Laporan Dan Kronologis Pilkada Nabire Versi Masyarakat Adat


PENDAHULUAN
Dasar hukum; Mengacu pada PKPU No 5 Tahun 2015 bagian kedua pasal 17 tentang hak dan kewajiban  masyarakat dalam keterlibatan memantau PILKADA yang mana pasal tersebut menyebutkan; Dalam penyelenggaraan pemilu,masyarakat berhak :

 (a) Memperoleh informasi publik terkait dengan pemilihan sesuai peraturan perundang-undangan, (b) Menyampaikan dan menyebarluasakan informasi publik terkait dengan pemilihan (c) Berpendapat atau menyampaikan pikiran.
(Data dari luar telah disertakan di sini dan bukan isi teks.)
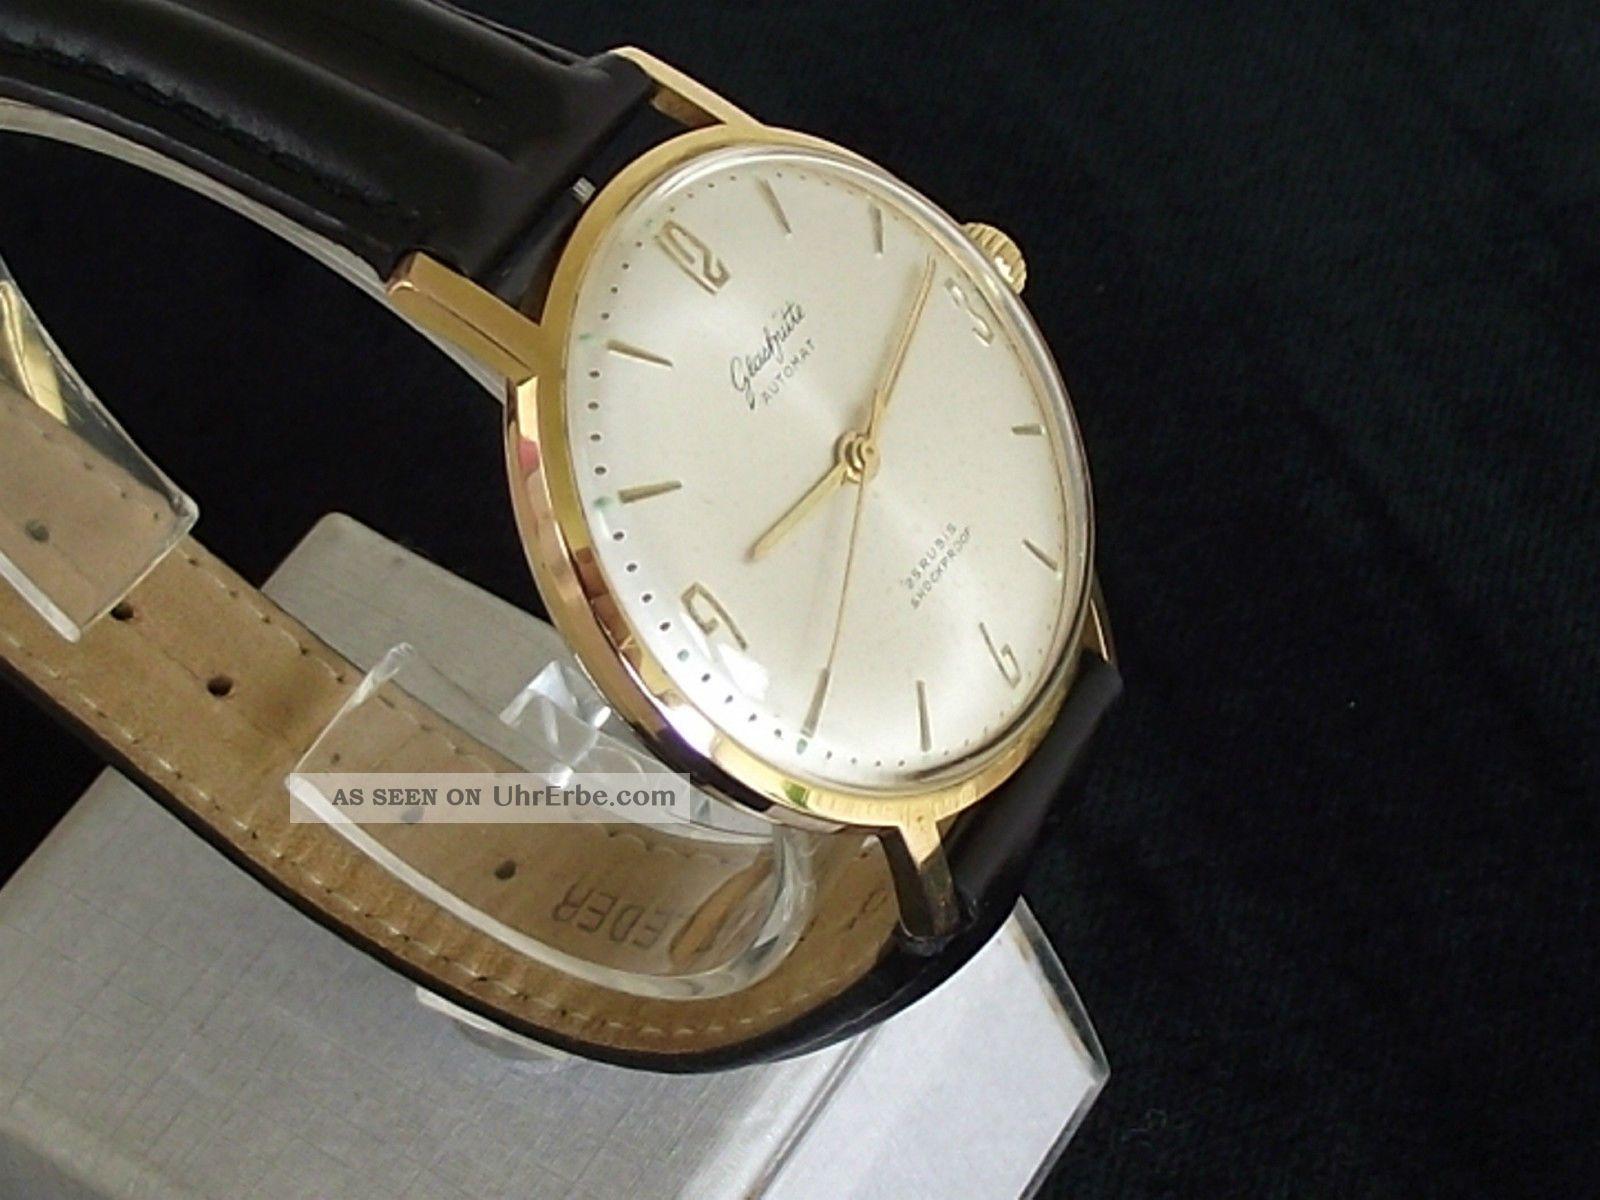 """Große,  Wunderschöne """"sonnenschliff"""" Gub GlashÜtte Automat Herrenuhr Kal.  68.  1 Armbanduhren Bild"""
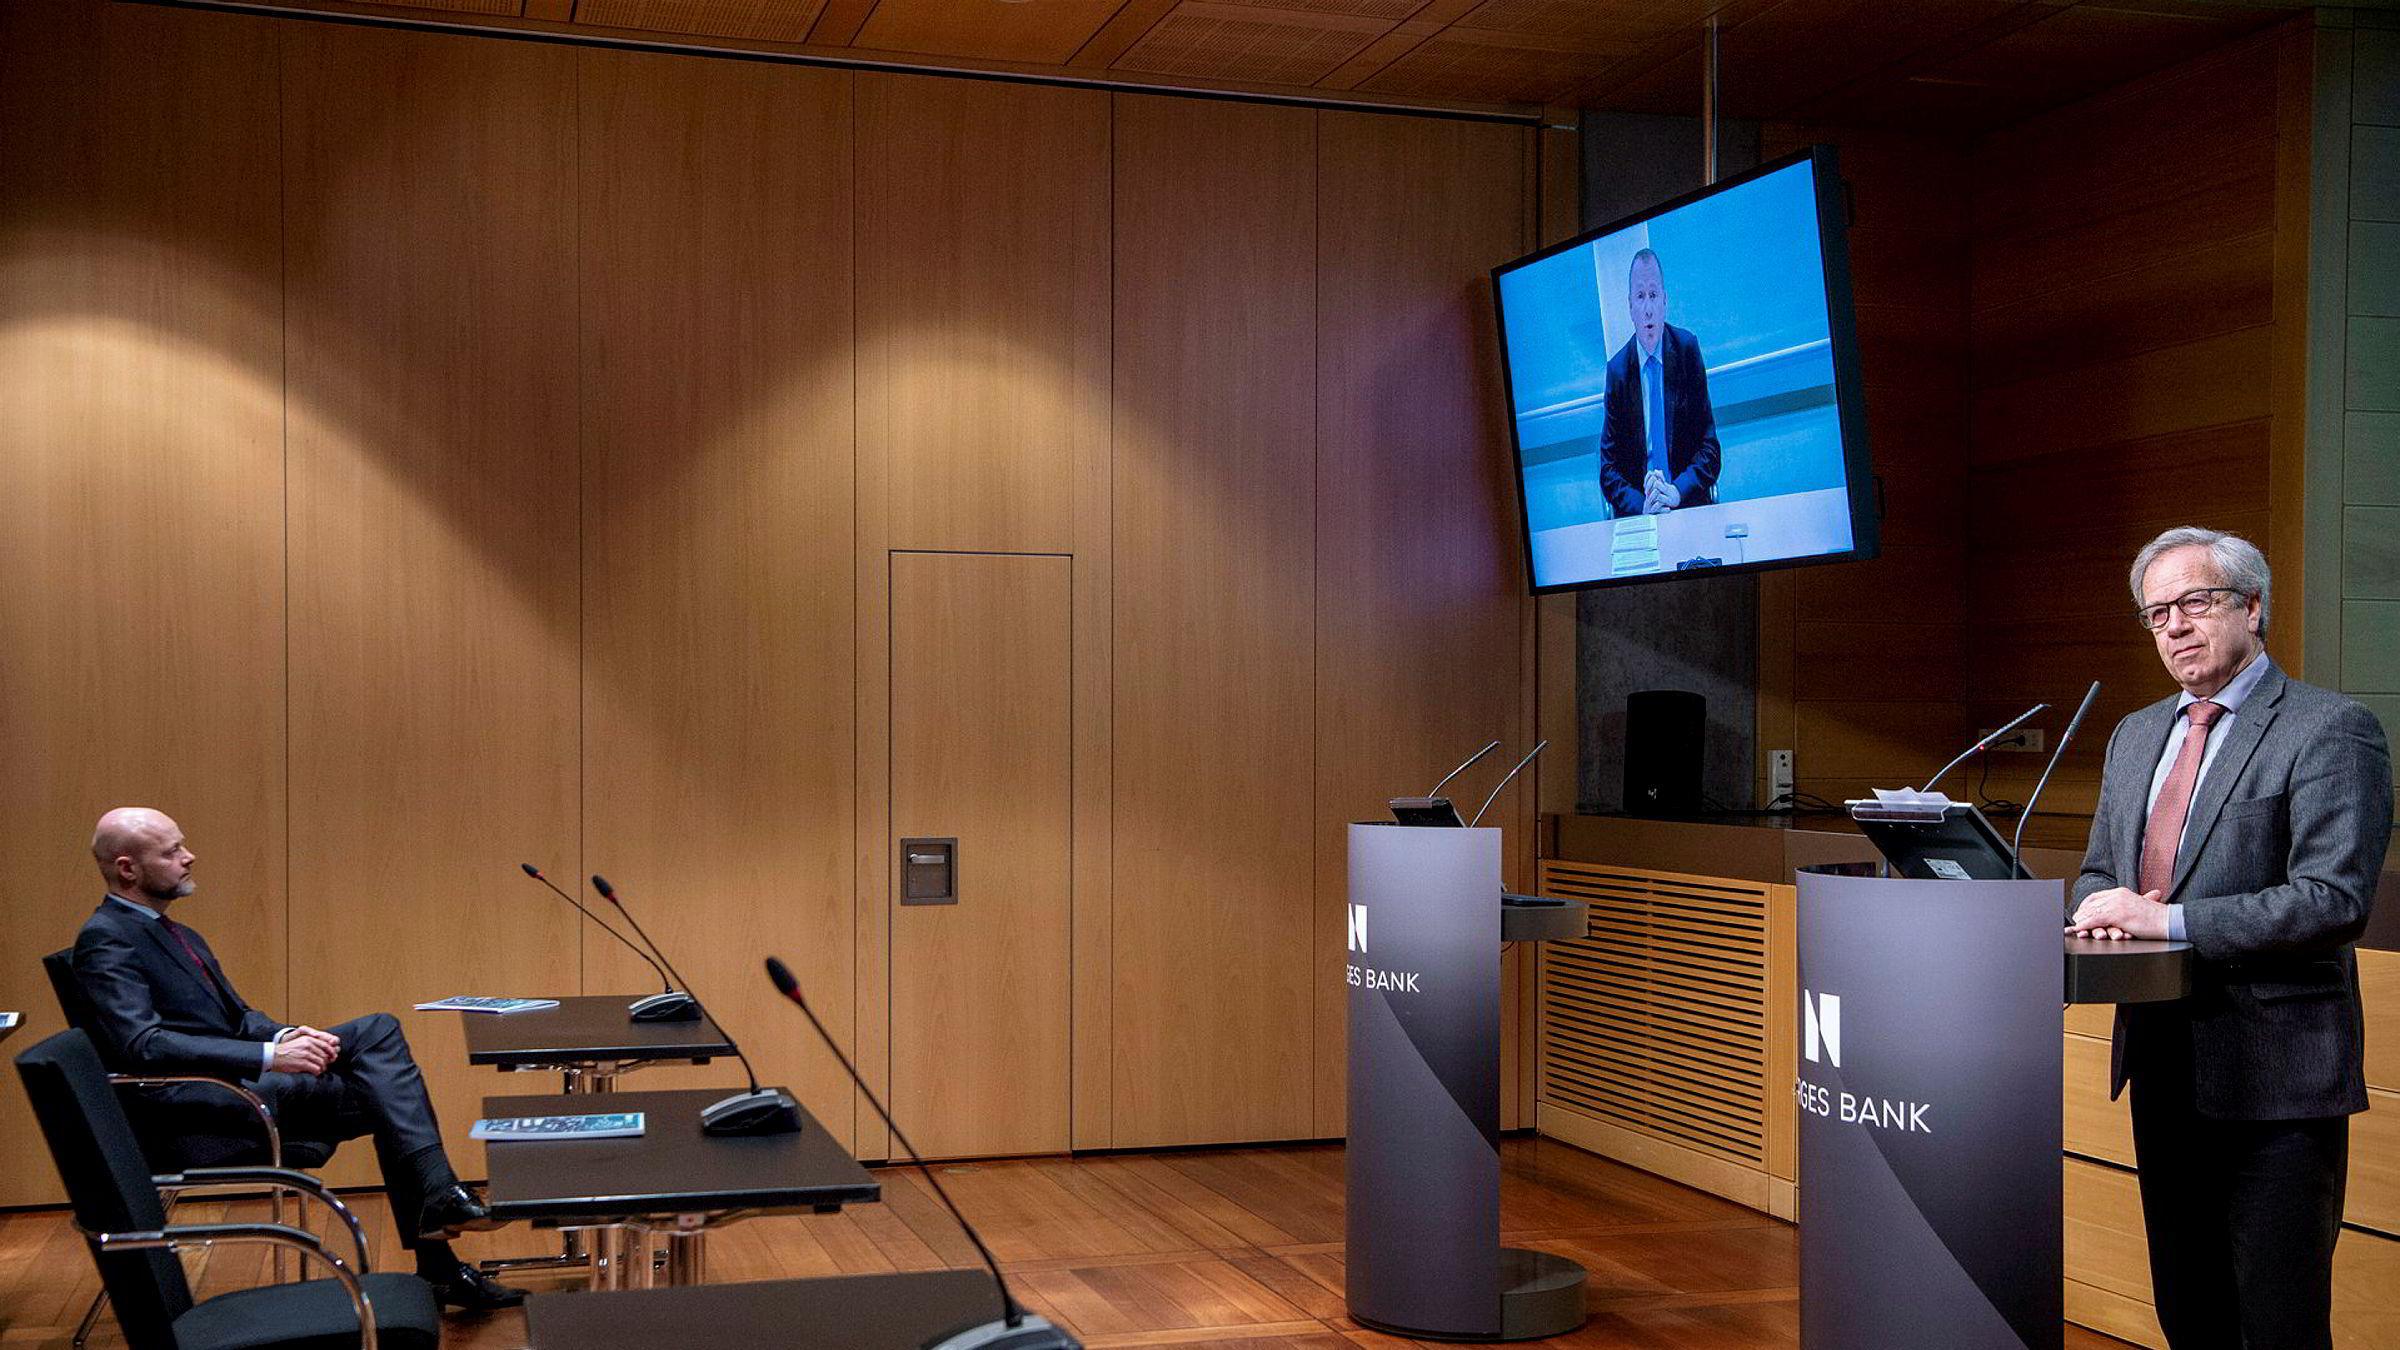 Øystein Olsen (til høyre) må svare på en rekke spørsmål knyttet til ansettelsen av Nicolai Tangen (på skjerm) som ny sjef for Oljefondet. Avtroppende sjef Yngve Slyngstad undersøkes av Norges Banks avdeling for etterlevelse av det etiske regelverket.

Mengacu pada dasar hukum tersebut maka kami kami suku Besar Yerisiam Gua dan Suku Hegure Yaur sebagai masyarakat pribumi di kabupaten nabire melihat penyelenggaraan PILKADA tanggal 9 Desember 2015 di Kabupaten Nabire penuh dengan praktek-praktek kepentingan. Dimana penyelenggara PILKADA dan juga ada indikasi aparat keamanan yang seharusnya netral dalam pelaksanaan pemilu terkesan turut terlibat mengamankan kandidat tertentu sehingga pelaksanaan PILKADA di Nabire cacat hukum, dan moral. Dilain hal secara terang-terangan penyelenggara dalam hal ini PANWAS telah mengetahui hal dimaksud namun tidak mengambil langkah-langkah sesuai tugas fungsinya, sehingga kondisi tersebut jika dibiarkan maka Nabire akan terjadi konflik berkepanjangan antara suku pribumi dan suku-suku non pribumi.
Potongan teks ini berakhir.